Quote:
Originally Posted by Cybermat47
(Post 2371017)
Okay, I did overreact. Sorry about that.
I don't have any problem with them protesting. But when they move in there with guns, and post videos to YouTube about being willing to kill and die to defend the rights of two arsonists, I honestly can't say that they're doing a good thing. But yes, they should be taken alive.
If being in Cadets taught me one thing, it's that we have rules for a reason. And these people are breaking laws for no justifiable reason. If the Government was marching people off the land and killing anyone who didn't go, then this reaction would be justified. As it is, two arsonists are being jailed for 5 years. I'd say that the protests were as far as anyone needed to go.
I hated the government that was in power in Australia a couple of months ago. It was a government that moved Australia backwards, cut the Defence Force's pay for no reason, got rid of gay marriage after just a few days of it being legal, and had a terrible immigration policy that led to Australia being labeled as racist.
But that's still no reason for me to have gotten a gun, upload threatening videos to YouTube, and taken over a government building. Especially seeing as that governemnt was soon to be replaced... just like the government these people are upset with. The Obama government literally only has a few more months before becoming a footnote in the history books.
And there is absolutely nothing that justifies them putting their kids there. Frankly, that just screams 'Human shields' to me.
Frankly, I just want this situation over. And as I mentioned earlier, I overreacted in my previous post. Now that I've calmed down, I just want this thing over peacefully.
|
The difference between the US and...well...most other nations in the world is that the US has a distinct distrust of authority of any kind. I think it dates back to the revolution where the British authorities abused their power to levy excess tax upon the colonials.
So where other nations have a slight form of trust with the government, most Americans don't and in fact they see government as a challenge to their civil liberties and baulk at any attempt by the government, be it local or national, to extend its powers or take over anything.

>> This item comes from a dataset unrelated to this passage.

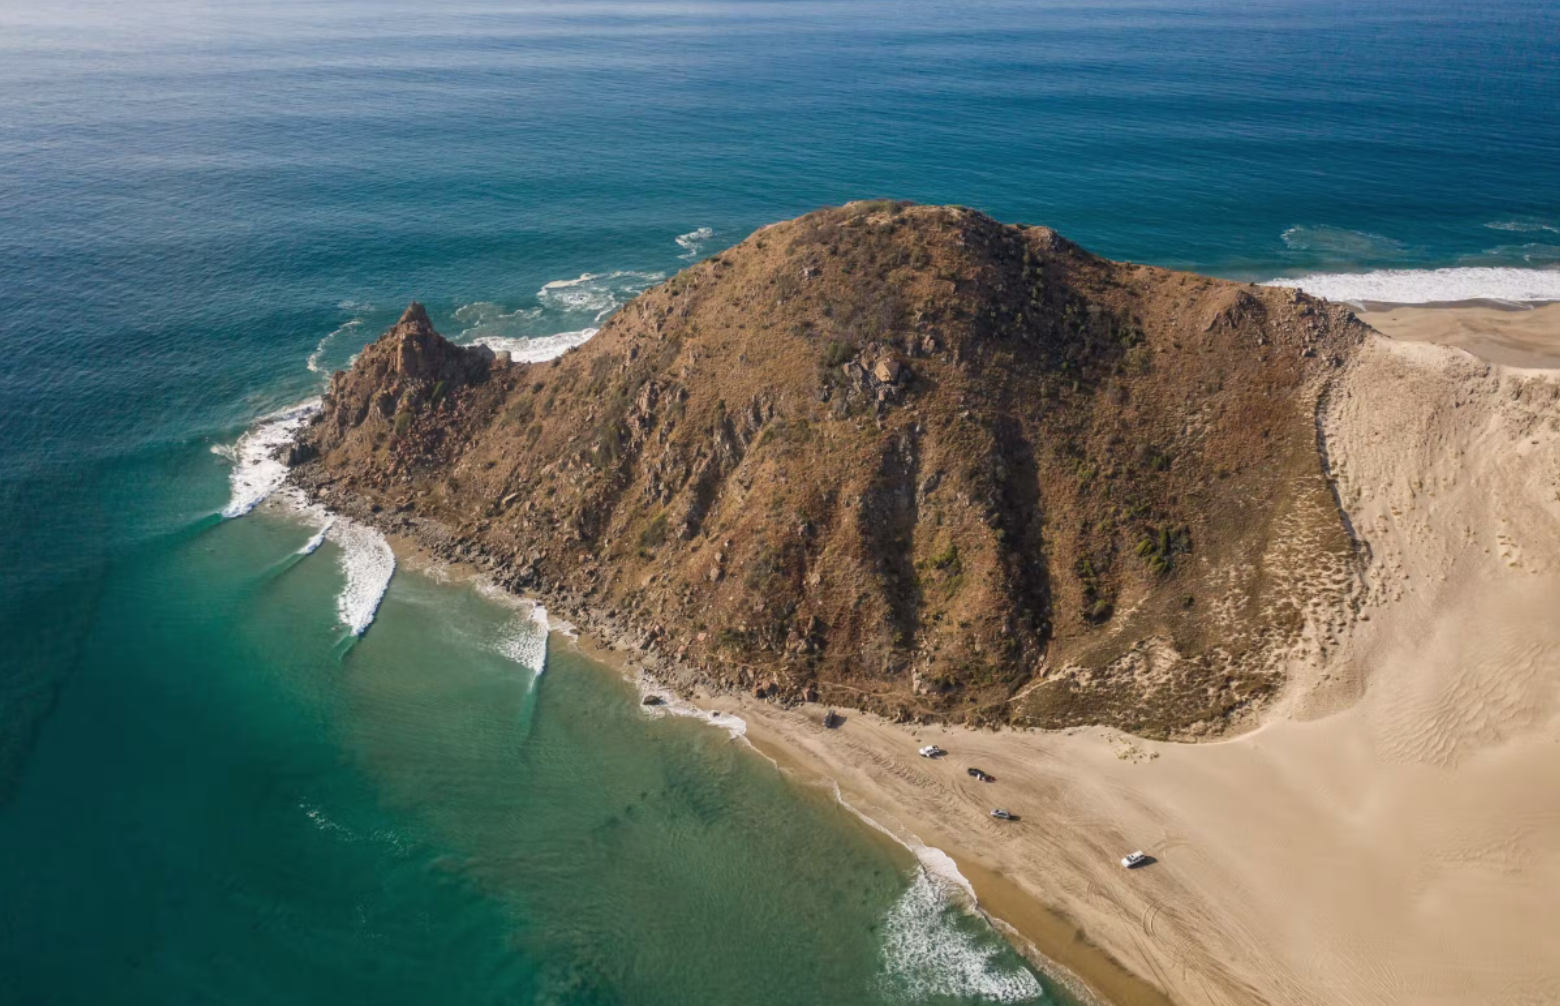 righthand point in Mexico, one of the cheapest surf destinations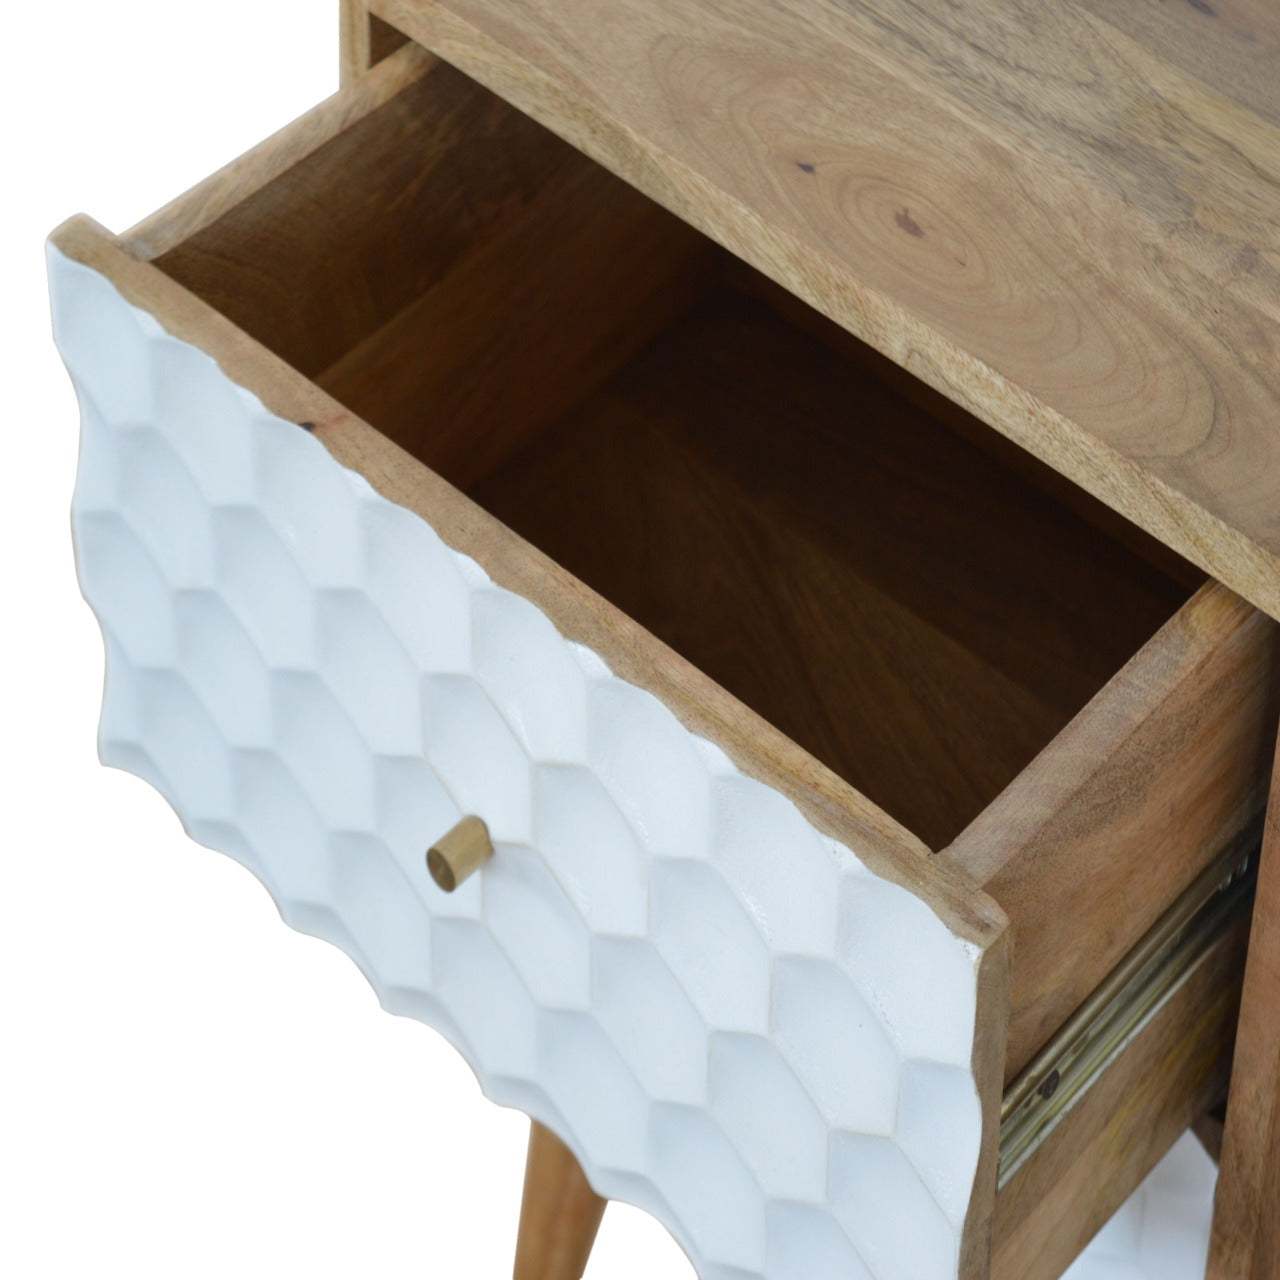 Honeycomb Carved Bedside Table Wood and White with 2 Drawers and Gold Handles

Obviously not every American is as reactionary as the Bundy bunch, they're not likely to take up arms, not unless the government really does overreach itself, but they will in some instances sympathise with the sentiment of the Bundys, that the government has no right to do x, y or z. Most of the time this sentiment just expresses itself in voting Republican who always vow to fight 'big government', but of late there's been a split in the Republican party between those who think that the Republicans aren't doing enough to defend American rights against the big government and those who are part of the traditional Republican group, it's a sort of a demand to remove the career politicians from the Republican party and restore it to what these people believe is the proper grass-roots. Of course, other people believe that these people are extremists and that they're derailing the party, and both sides have spent the last two US elections both fighting the election and fighting each other. I think that this is one of the reasons that Trump has been so popular with a certain part of the Republican electorate, he's not part of the political machine, he's an outsider and he's not PC, he speaks his mind, no matter who it offends. To a certain set of people that's an appealing thing, but there's no telling how much damage it's doing to the Republican partys standing in the US and in the world.
Of course, such a thing is not restricted to the US, history has shown us that in times of economic crisis, people turn away from the usual political parties and go to the extremes, left and right. Take Poland for example, recently voted in some rather questionable people who are now trying to take apart its constitution, and Greece, people like Syrizas would have been laughed out of Athens twenty years ago, and few would have dreamed that the neo-Nazi Golden Dawn would be the third largest party in the country.
This can lead to...problems, one only has to look at Europe in the late 1920s to see how much of a problem it can lead to. One can only hope that we've learnt enough from history to avoid such things.
But getting back to the subject at hand, it's difficult for non-Americans to understand Americans, especially Americans like Bundy who have an almost paranoid fear of the American government. You can perhaps ponder if Bundy has any idea what a real tyrannical government is like, and if he had tried something like this in the PRC or DPRK whether he'd still have his Doritos...but equally, one could say that people like Bundy are there to make sure the US government doesn't become like the PRC or DPRK, by fighting each step of Washington attempts to take and keep power.
In short, there are no easy answers, there never have been, and that's why we are where we are.